AIM OF THE TASK » Please set down only the lines below starting with the line with "WOZ-waarde Hendrik Smitstraat 78 Hilversum" and going on through the line with "Qui định lễ", verbatim and without pictures.

*** DATASET ***

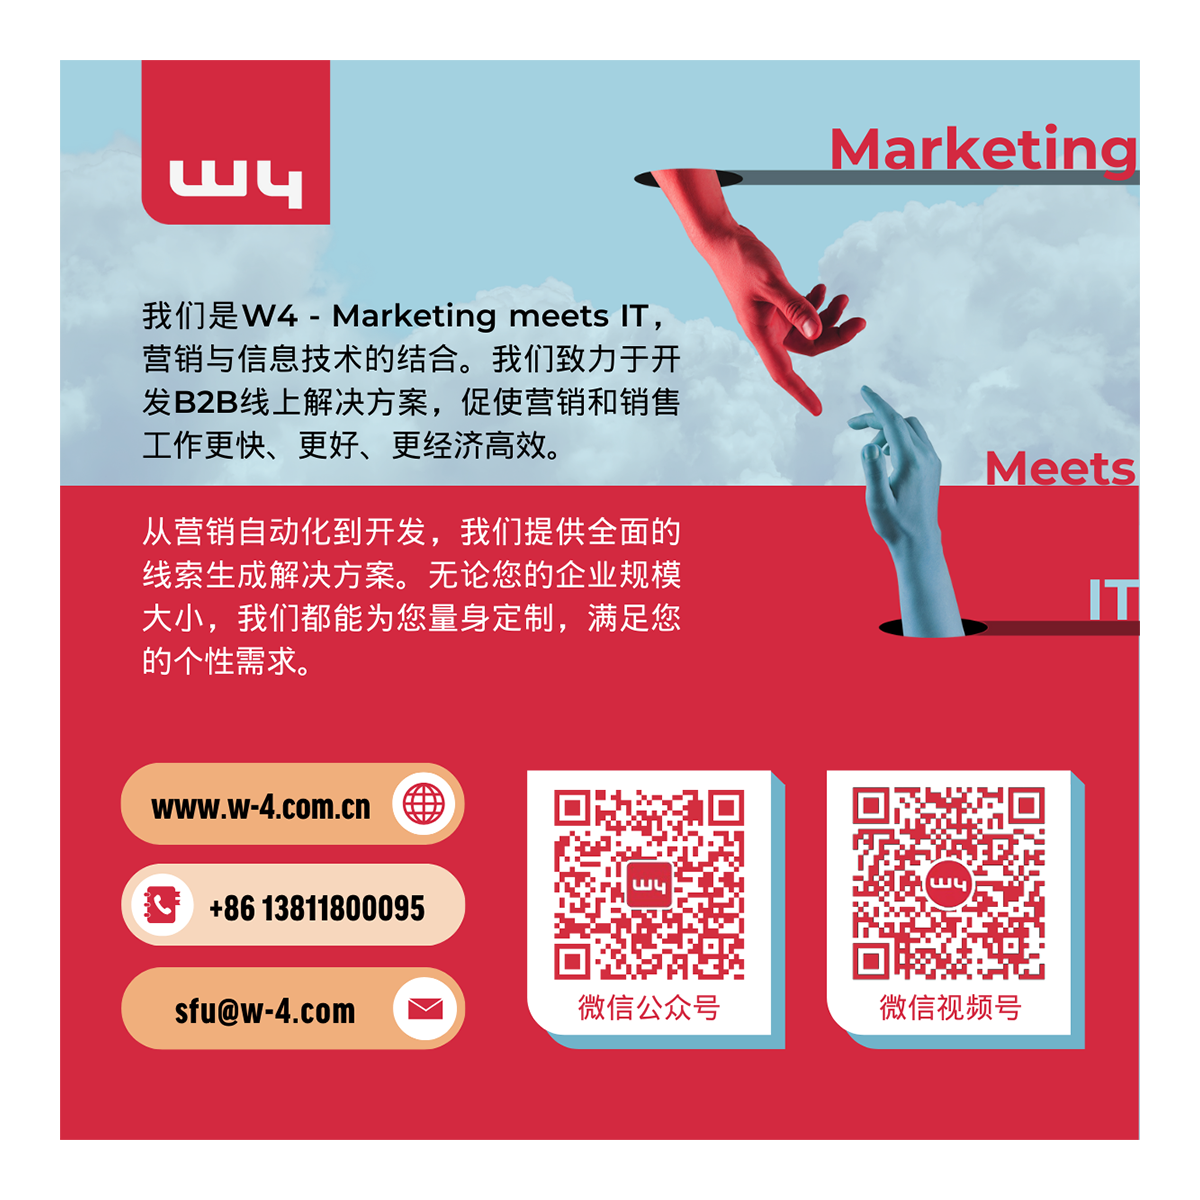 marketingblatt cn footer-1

*** End of DATASET ***
*** DATASET ***

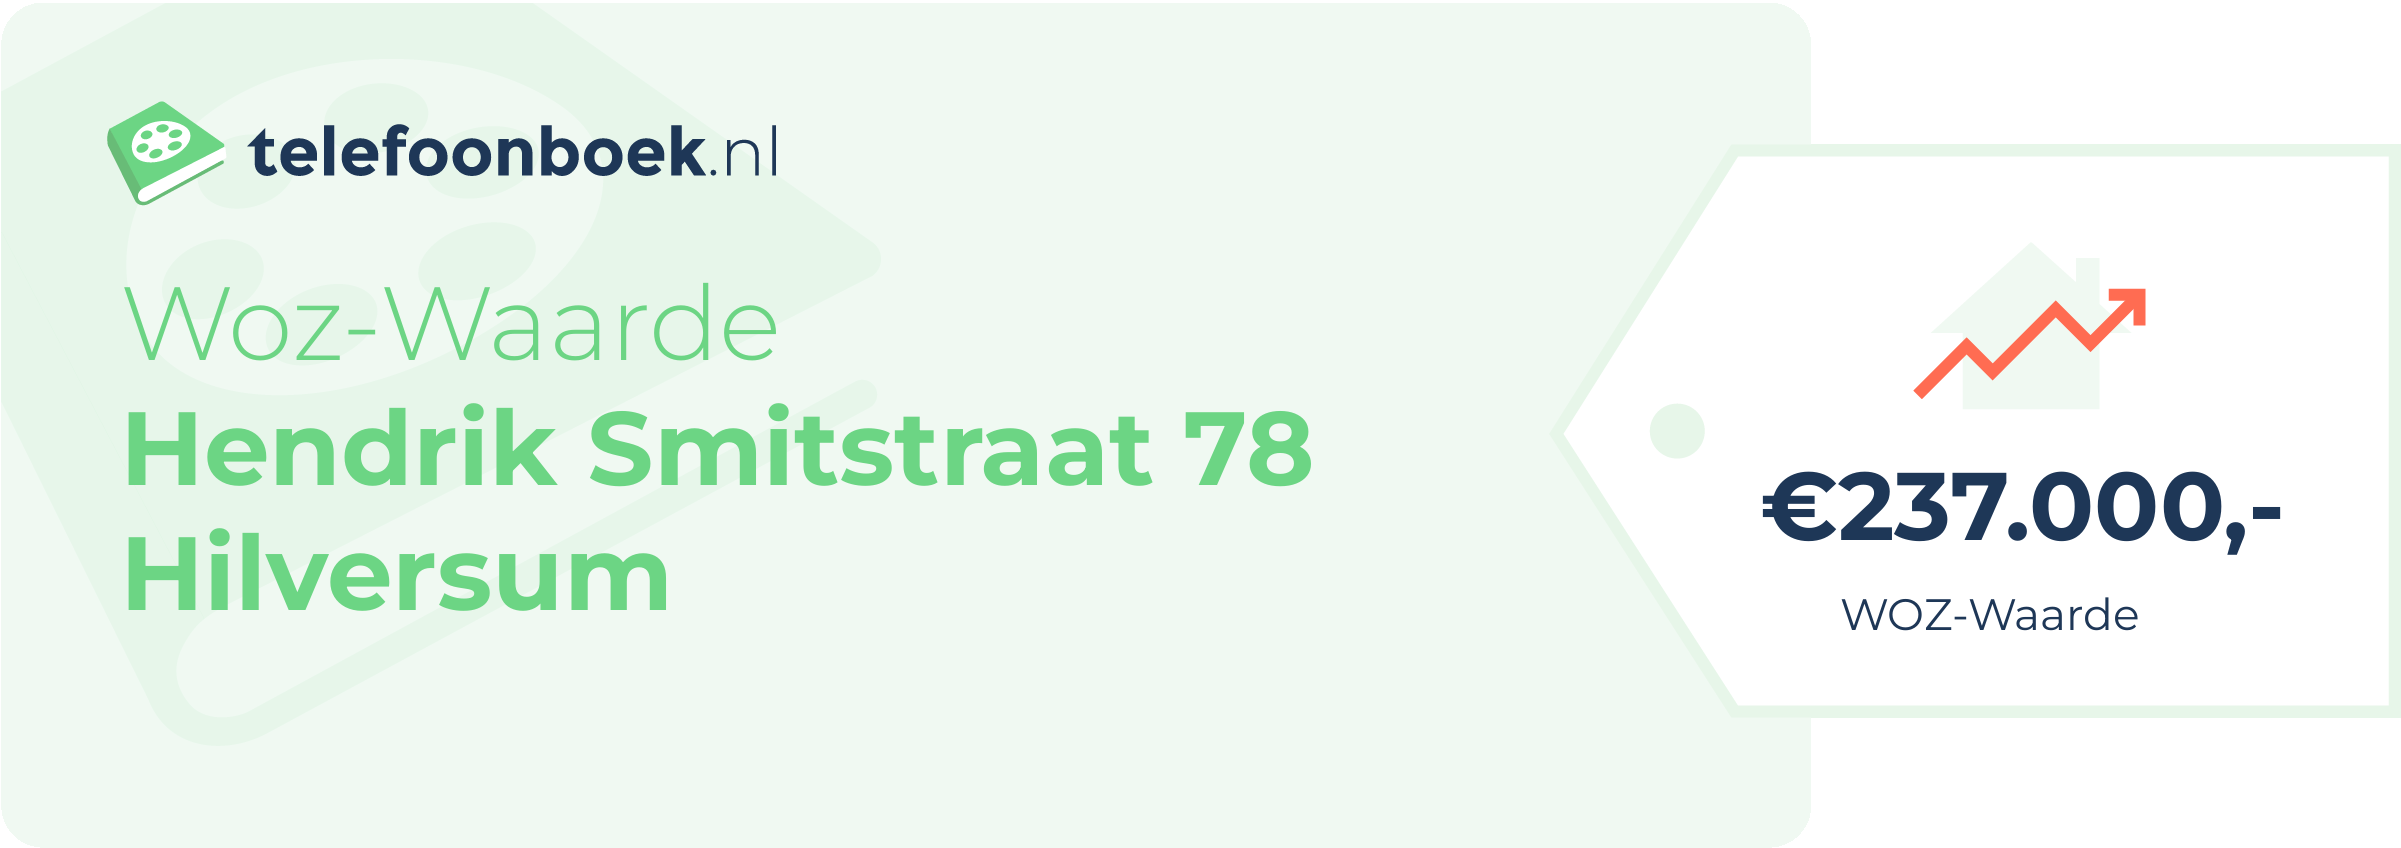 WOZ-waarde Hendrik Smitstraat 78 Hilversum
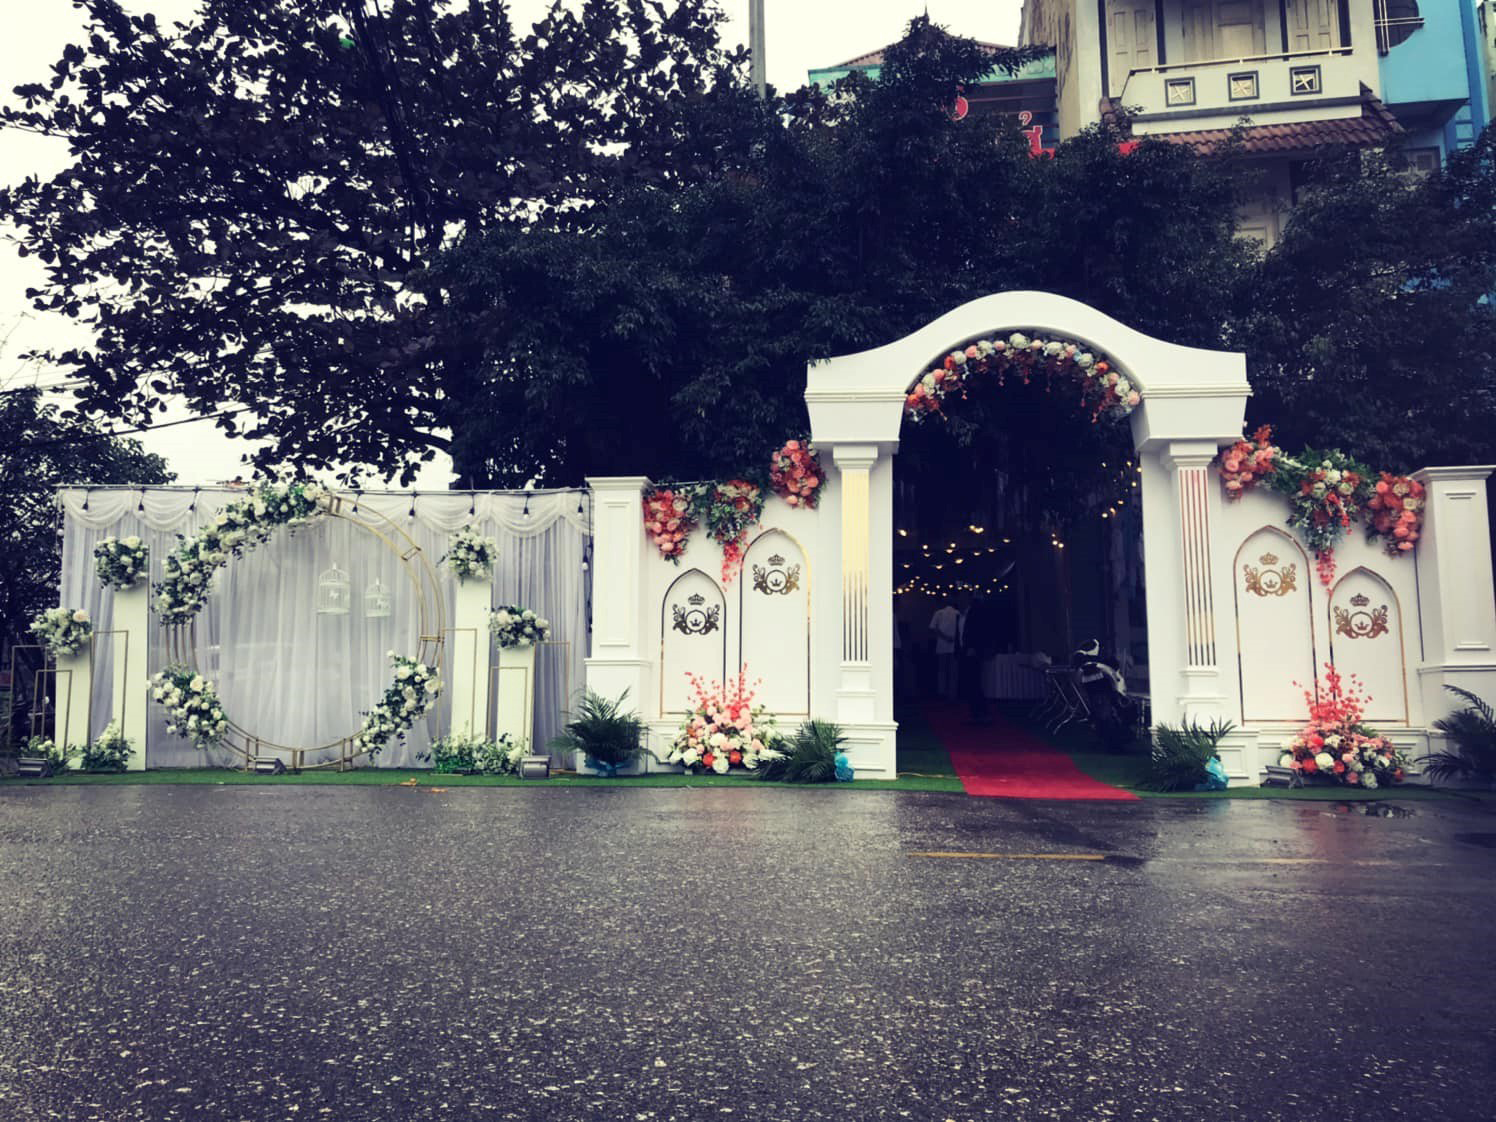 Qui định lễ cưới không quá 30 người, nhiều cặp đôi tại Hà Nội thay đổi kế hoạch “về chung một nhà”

*** End of DATASET ***

WORKED SOLUTION »
 WOZ-waarde Hendrik Smitstraat 78 Hilversum
 Qui định lễ cưới không quá 30 người, nhiều cặp đôi tại Hà Nội thay đổi kế hoạch “về chung một nhà”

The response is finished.